WORK REQUEST:
Starting at the line that holds "Victoria's Secret Bombshell", restate every line word for word up to and including the last one in the listing below, and omit all pictures.

SUPPLIED MATERIAL:
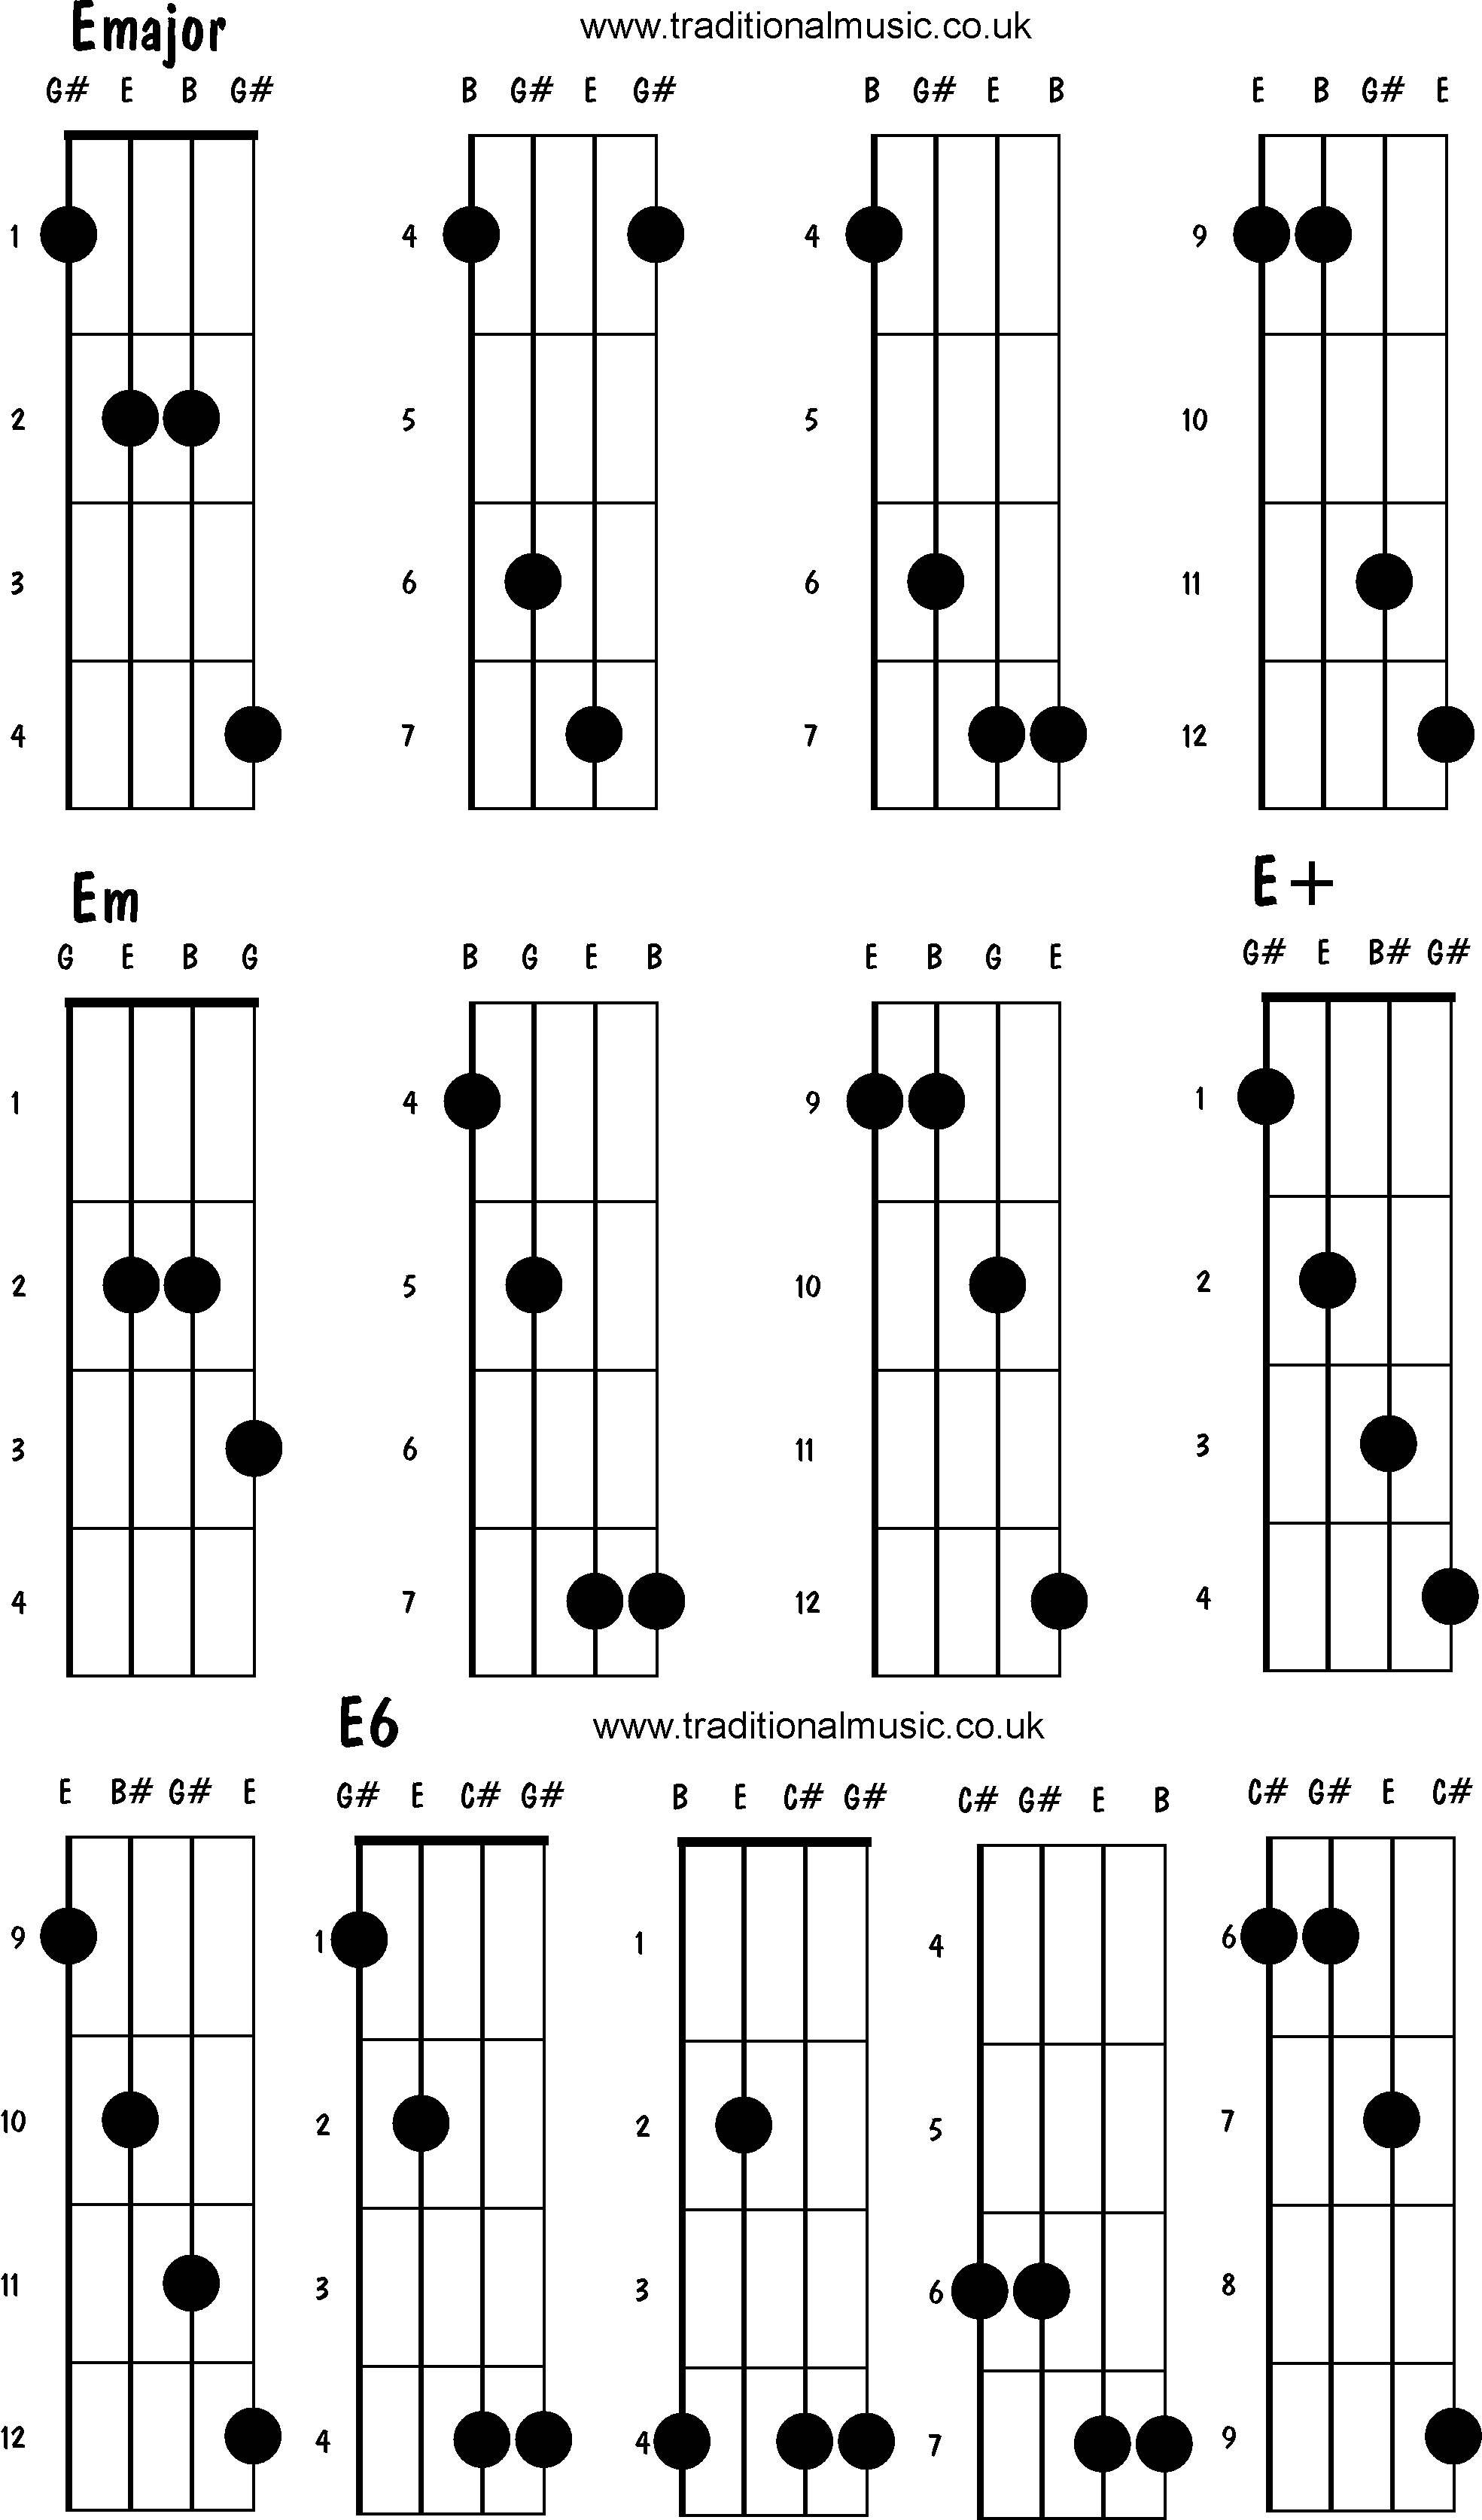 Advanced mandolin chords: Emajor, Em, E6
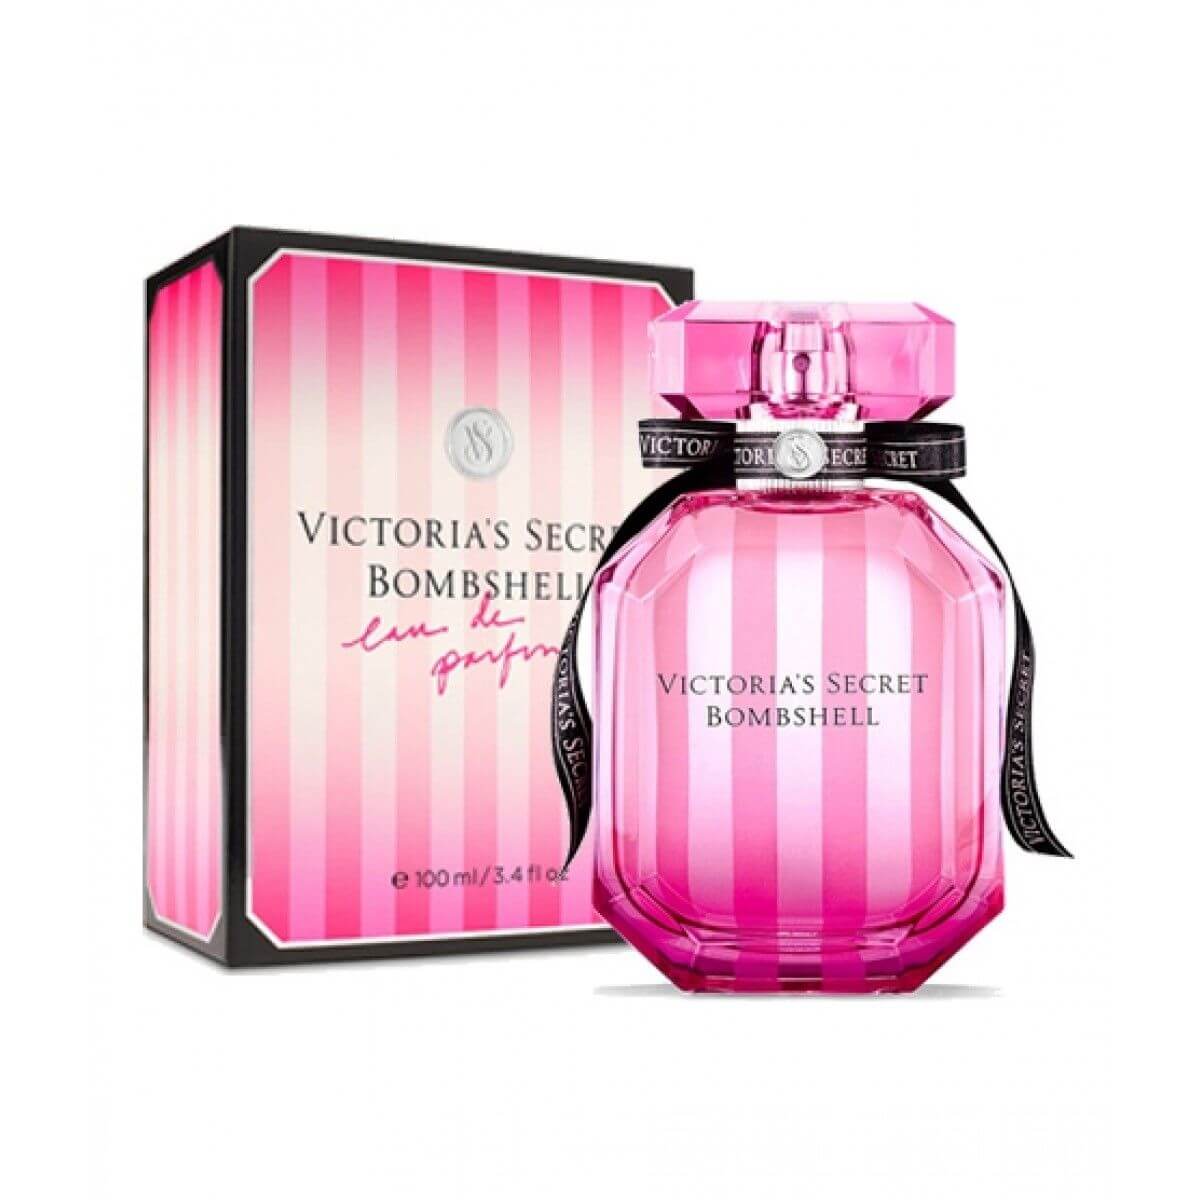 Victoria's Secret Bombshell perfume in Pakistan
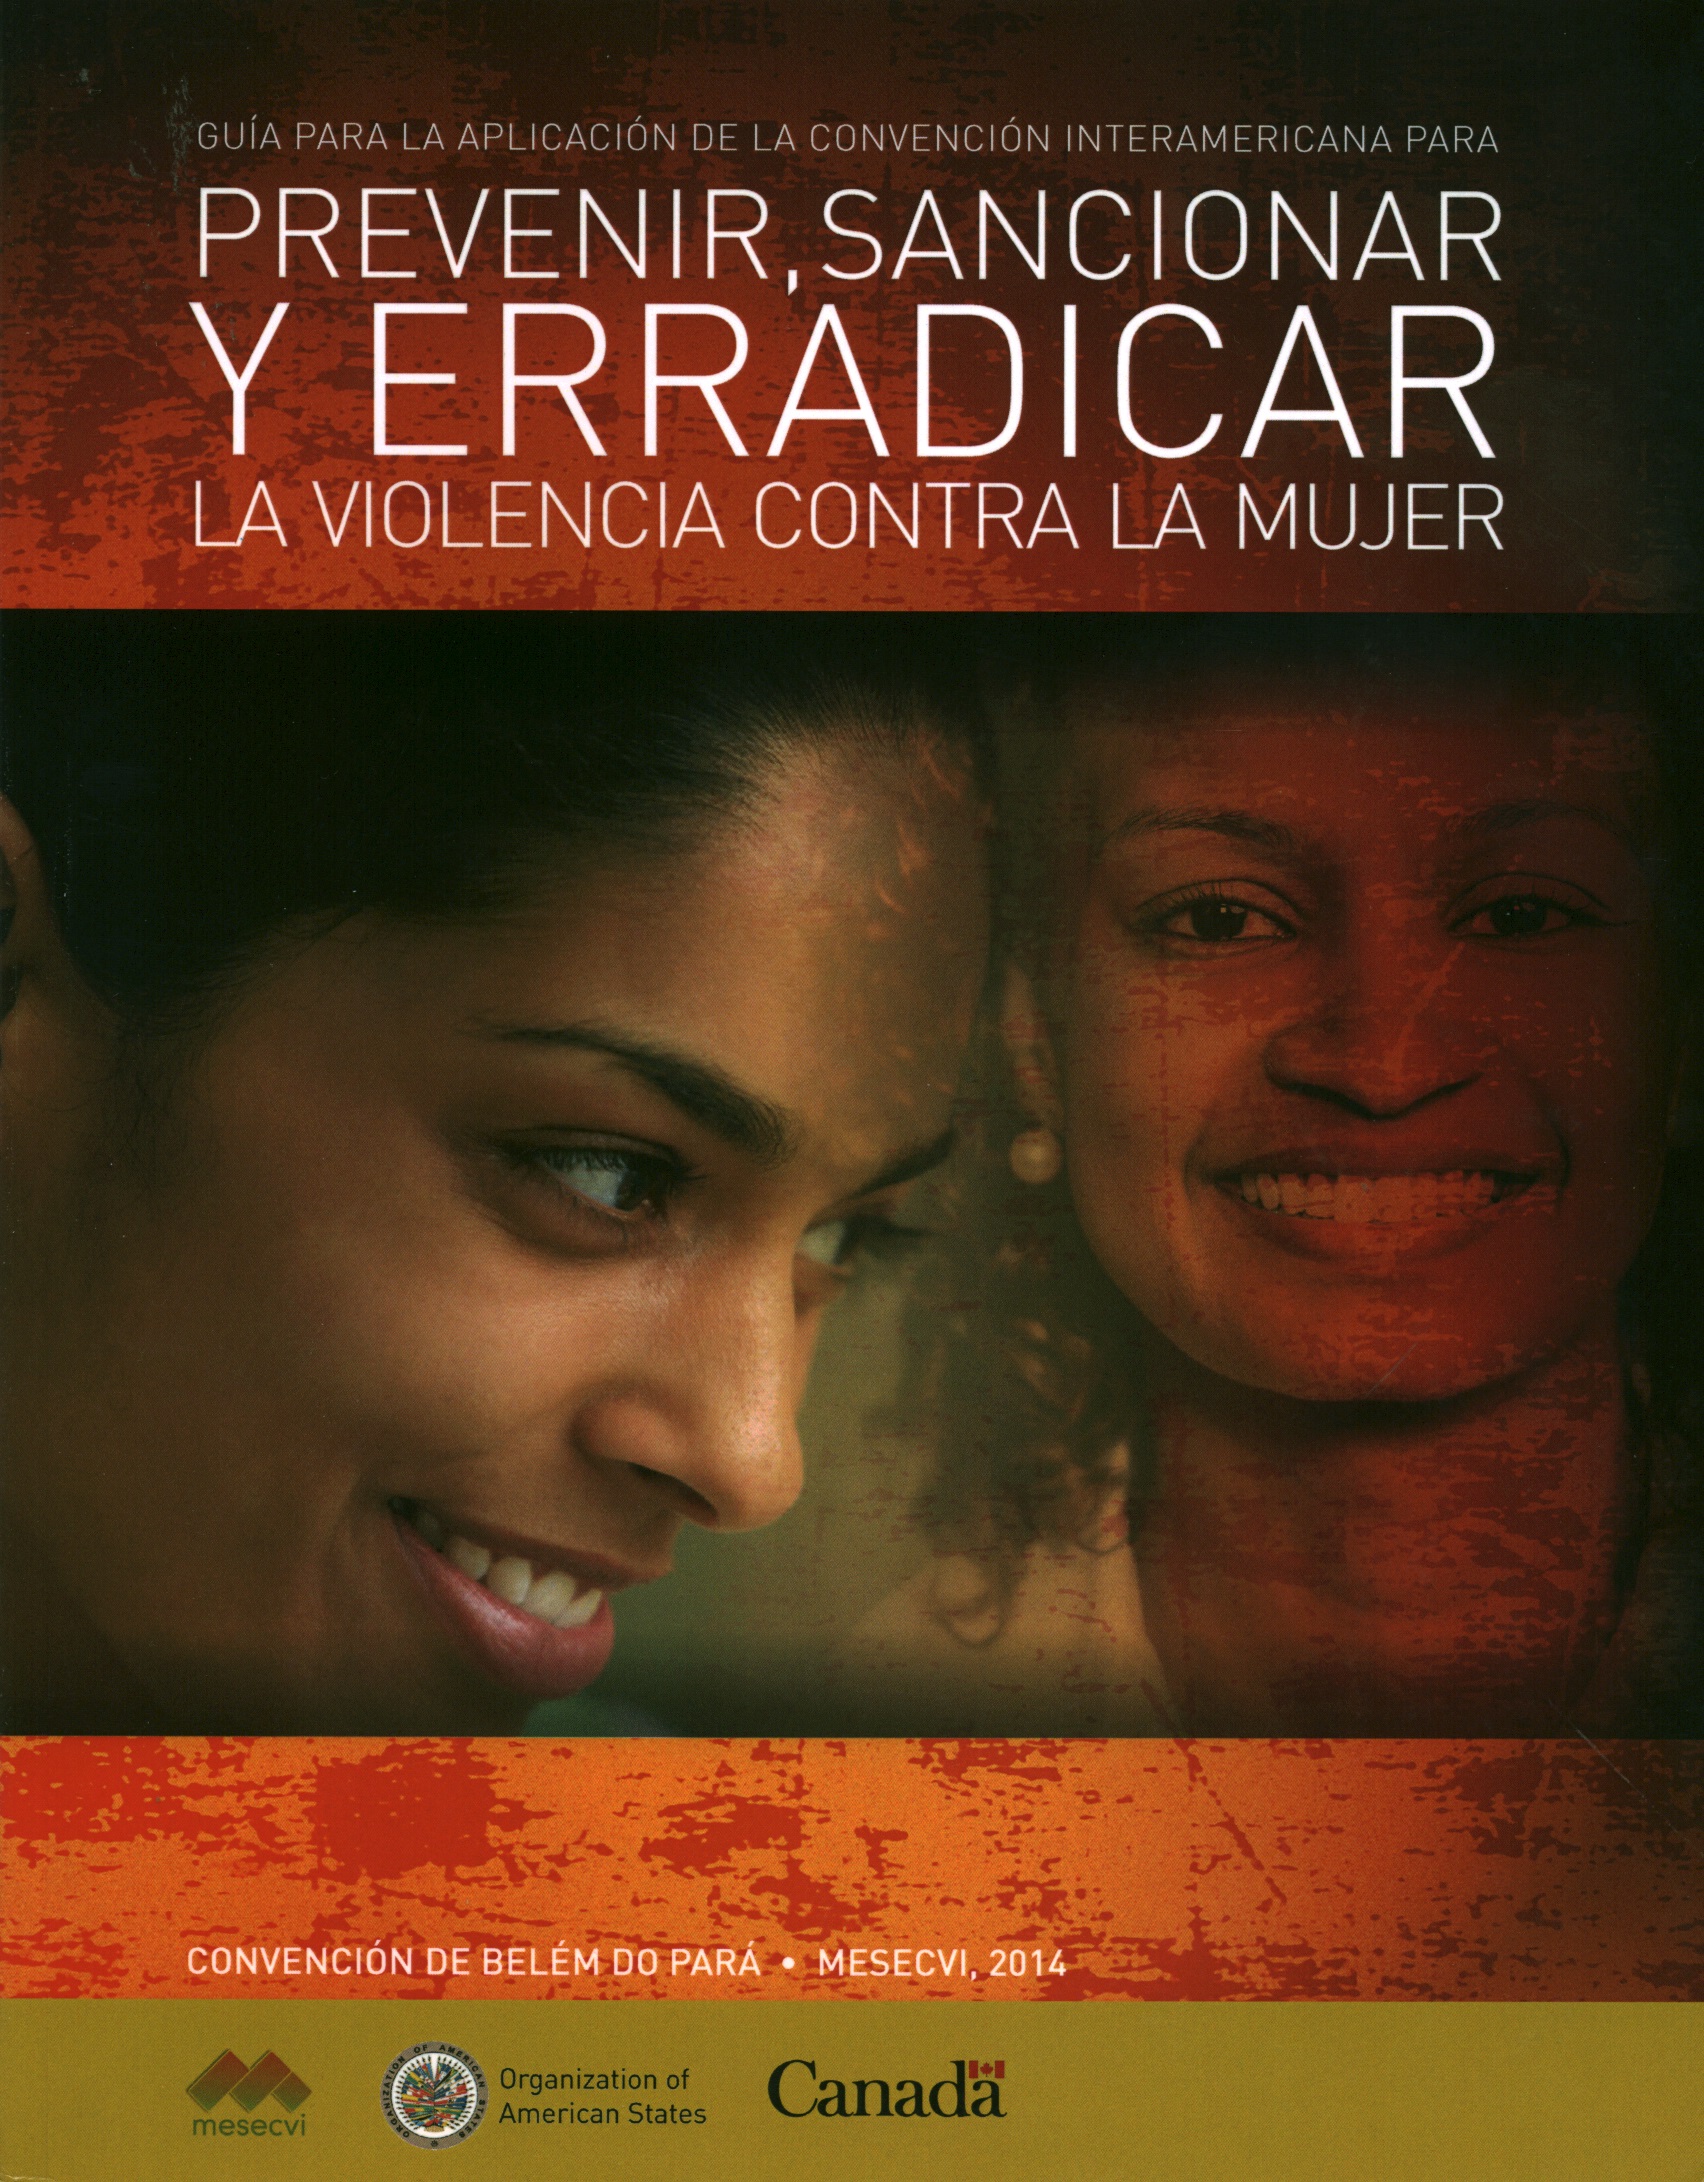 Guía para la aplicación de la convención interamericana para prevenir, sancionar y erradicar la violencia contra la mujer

THE ANSWER:
 Victoria's Secret Bombshell perfume in Pakistan
 Guía para la aplicación de la convención interamericana para prevenir, sancionar y erradicar la violencia contra la mujer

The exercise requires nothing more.